The Magic and Mastery of Brandon Sanderson’s Writing Universe

Musing

To say Brandon Sanderson is a prolific author does him a disservice.  His most recent book, Wind and Truth, comes in at 1,344 pages.  That brings the series the book is a part of—the Stormlight Archives—up to 5,890 pages.  It contains a cool 2,181,623 words.  For a frame of reference, that’s about three times as long as the Bible, which is a compilation that took hundreds of people thousands of years to put together.  Oh, and this is only the halfway point for the series.

So yeah, Sanderson can put words on paper like a machine.  But that’s just the impressive part.  The intimidating part is how those words are linked to millions of other words across multiple other series.  Sanderson did the whole “combined universe” thing well before Marvel started pumping out their movies.  His latest book has interplay from almost all of his other interconnected books, making it both fascinating and daunting to read. 
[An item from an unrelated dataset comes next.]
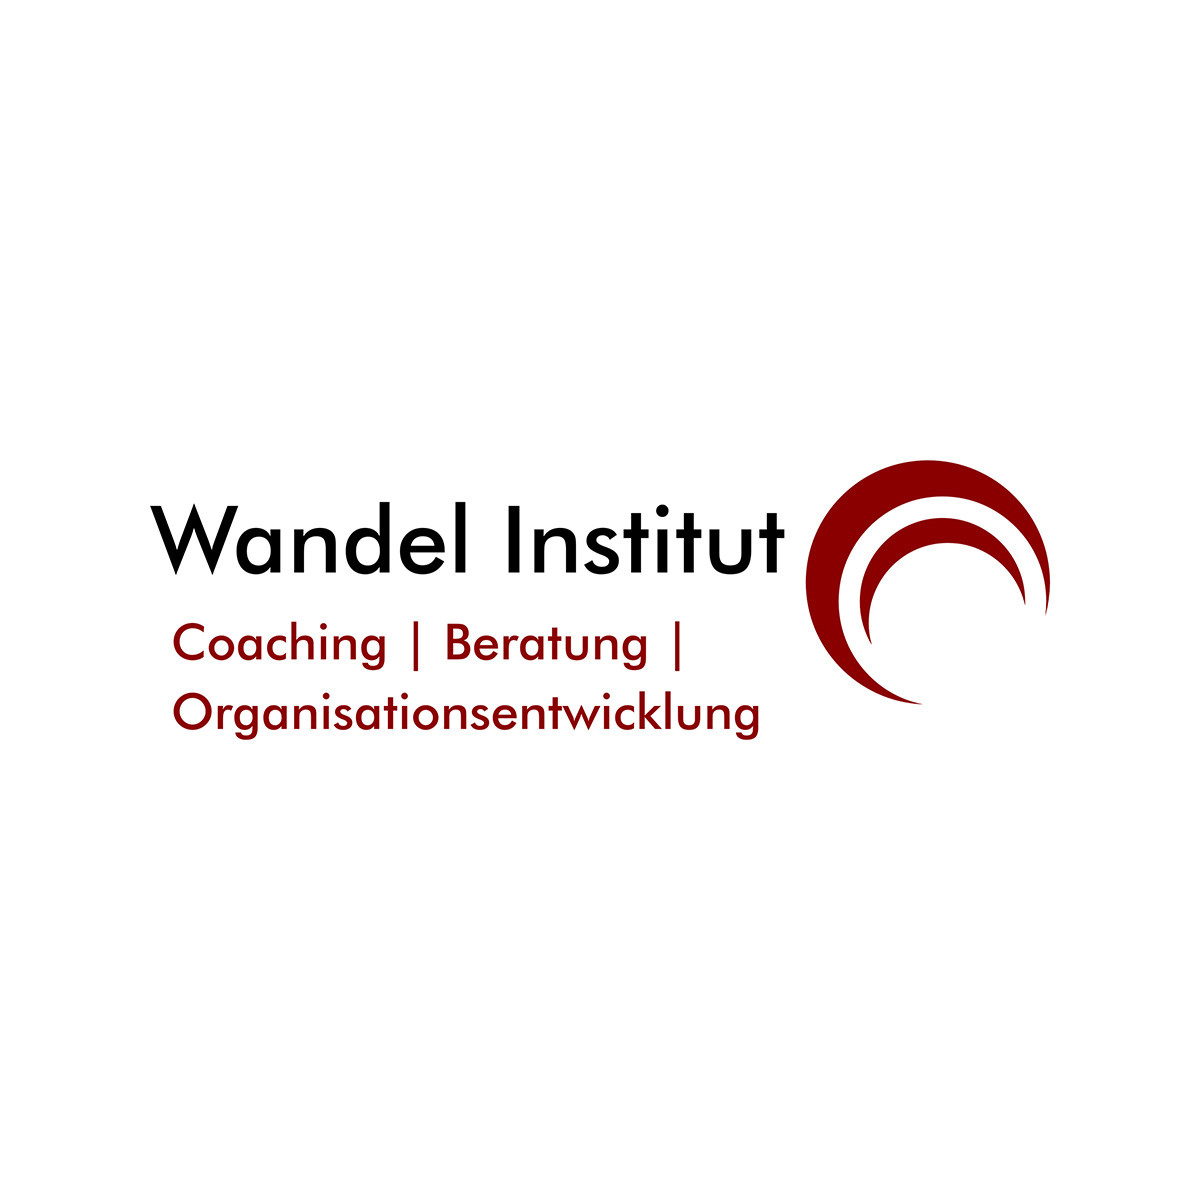 (c) Wandel-institut.de
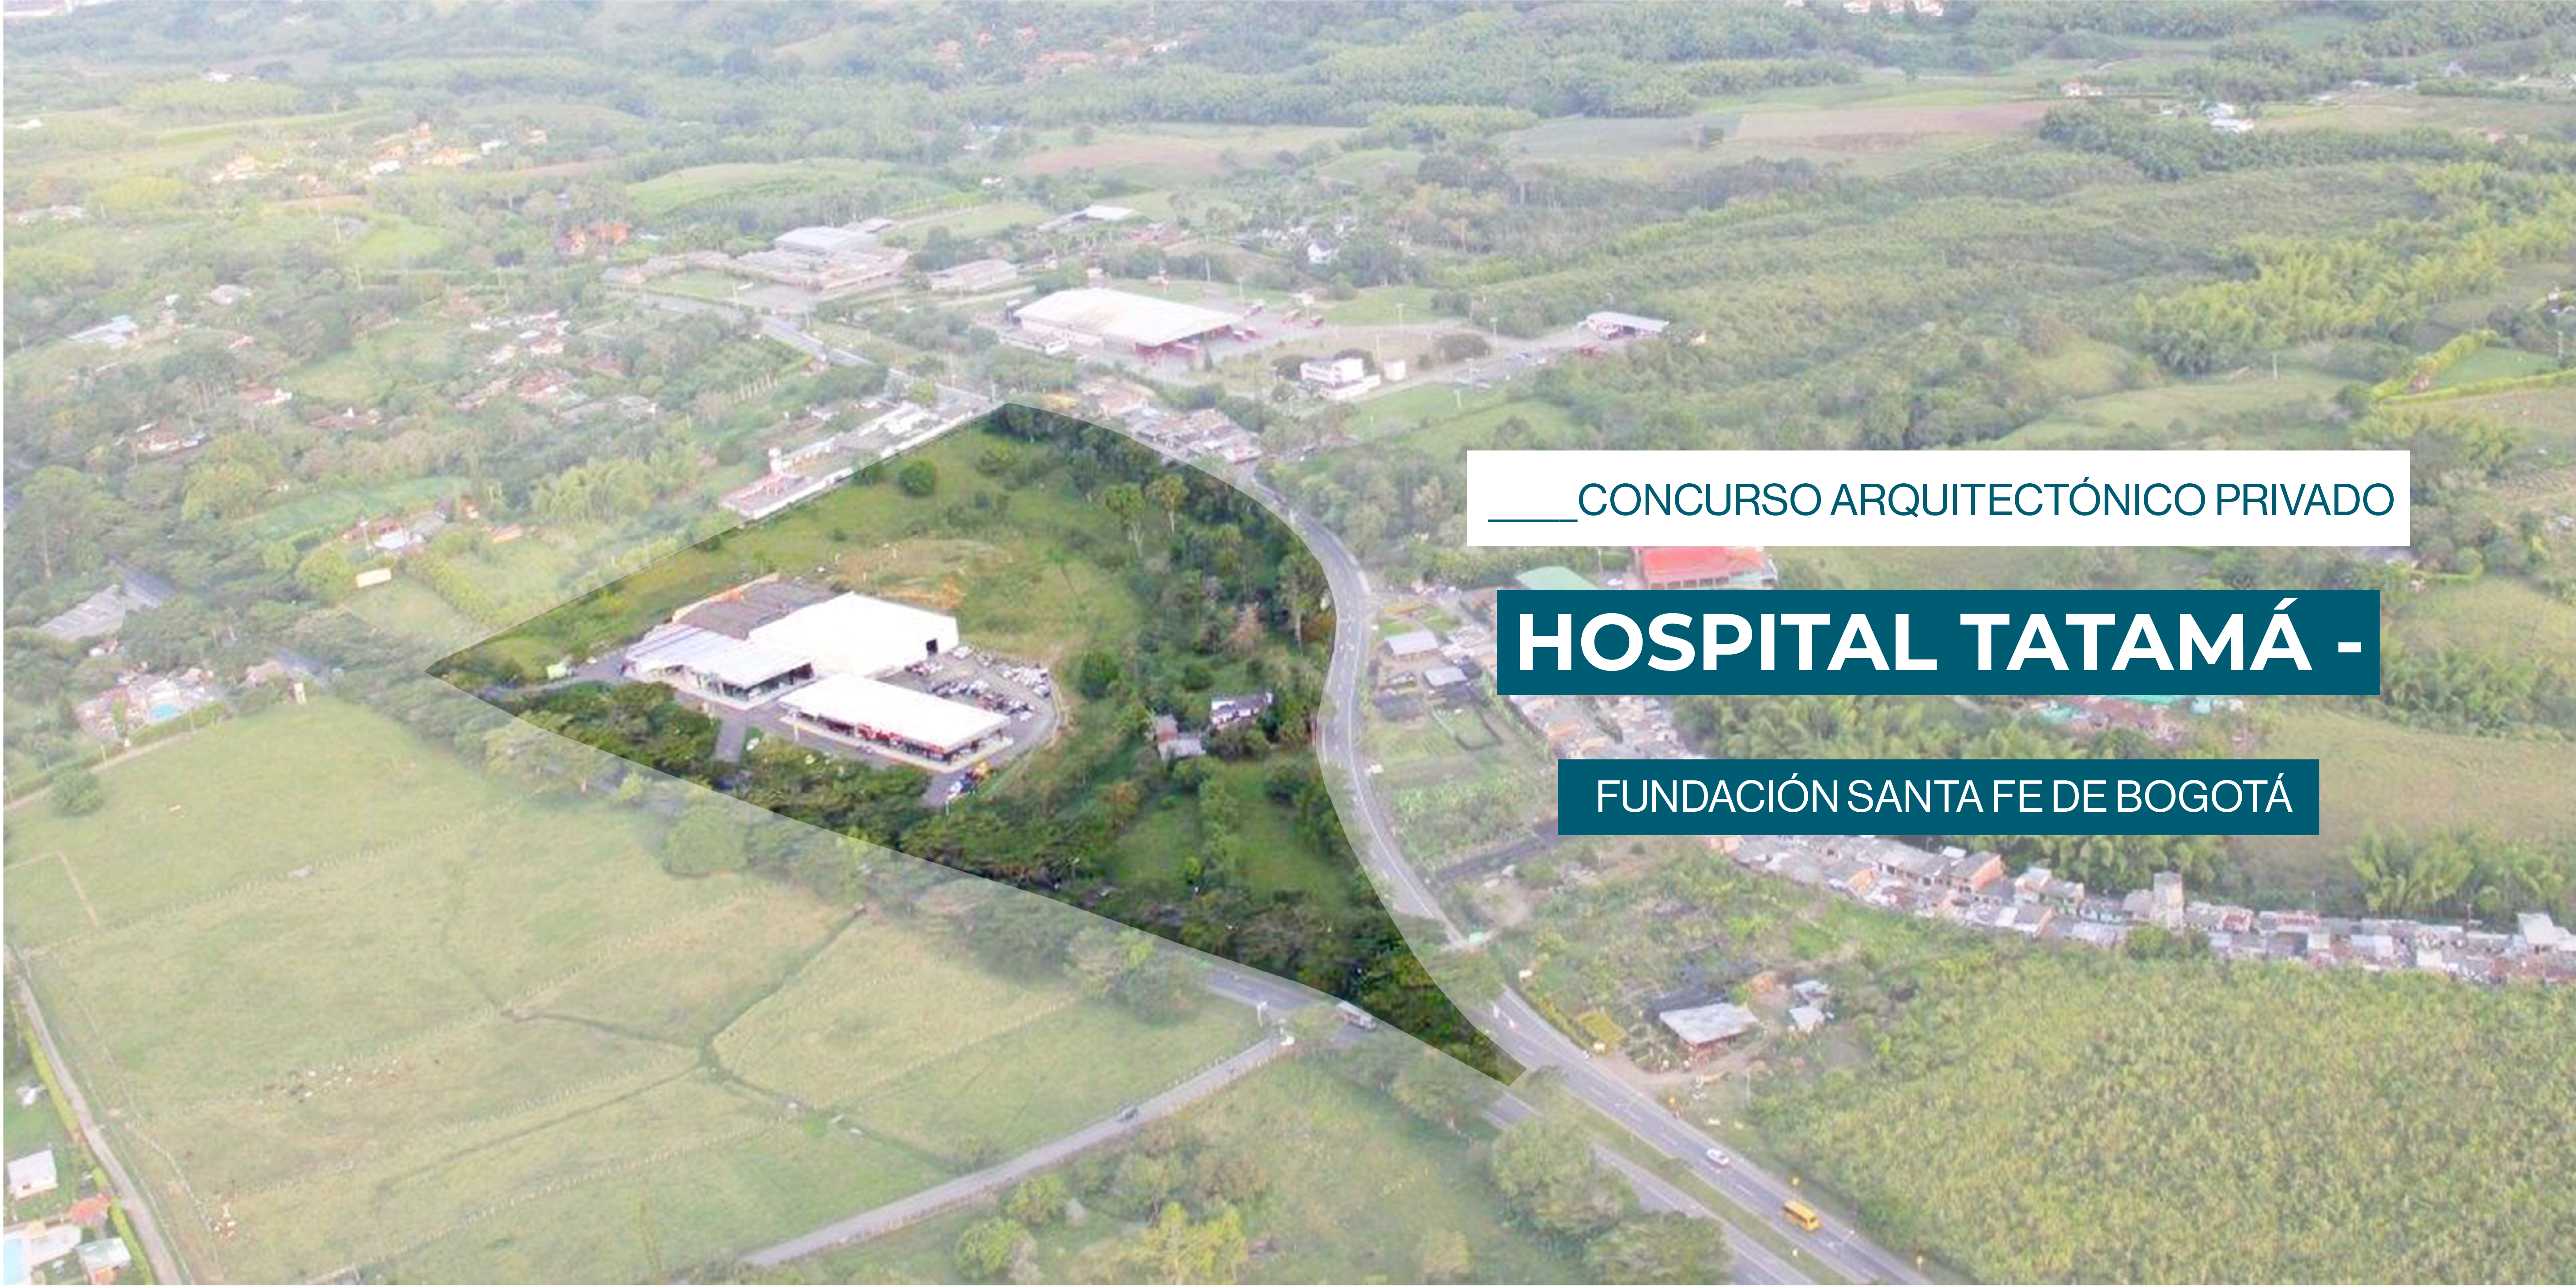 Concurso arquitectónico Hospital Tatamá – Fundación Santa Fe de Bogotá

As someone who cosplays as a writer on weekends, I am astounded by the level of intricacy Sanderson has built into his universe.  I struggle to keep my plotlines succinct and on point when I’m dealing with a single character on a planet I’m relatively familiar with—Earth.  Meanwhile, Sanderson has dozens of planets, hundreds of characters, multiple realms of existence, oodles of unique magic systems all reliant on the same underlying energy source, and a bevy of gods each playing a grand cosmic game of 4D checkers with each other.  It’s a level of mastery of the craft I don’t know if we’ve seen before.

That said, I’m sure we will see it again.  That’s one of the most interesting parts of human nature, how the achievements of one can inspire a host of follow-on achievements either matching or eclipsing their progenitor.  After all, Sanderson isn’t the first to link a single overarching storyline across multiple series—Steven King has done it for years, as one example. 

But what Sanderson has done is elevate the process to more than an occasional easter egg or cameo.  The linkages are an essential part of his overall story, and each book he adds exists as a chapter in a larger tale.  It’s the work of a lifetime, and he’s on record as saying he’ll need his entire life to finish everything he wants to accomplish.

I look at that drive and I can’t help but feel chagrin looking at the number of pages and words I have written.  It’s especially mortifying to consider that his numbers are actually published words, while mine are just what Word tells me at the bottom left of my screen. 

But one of life’s most important lessons is that the race is long, and in the end it’s only with yourself.  Every word I write is another in my column, and another towards my own writing goals.  I wish the best to Sanderson on his journey—especially given how much I enjoy reading his works—but mine will take me in different directions.  Will it be an integrated master piece like his?  Probably not.  But will it serve my ultimate goal of enjoying the art and process of telling a story uniquely my own?  Absolutely.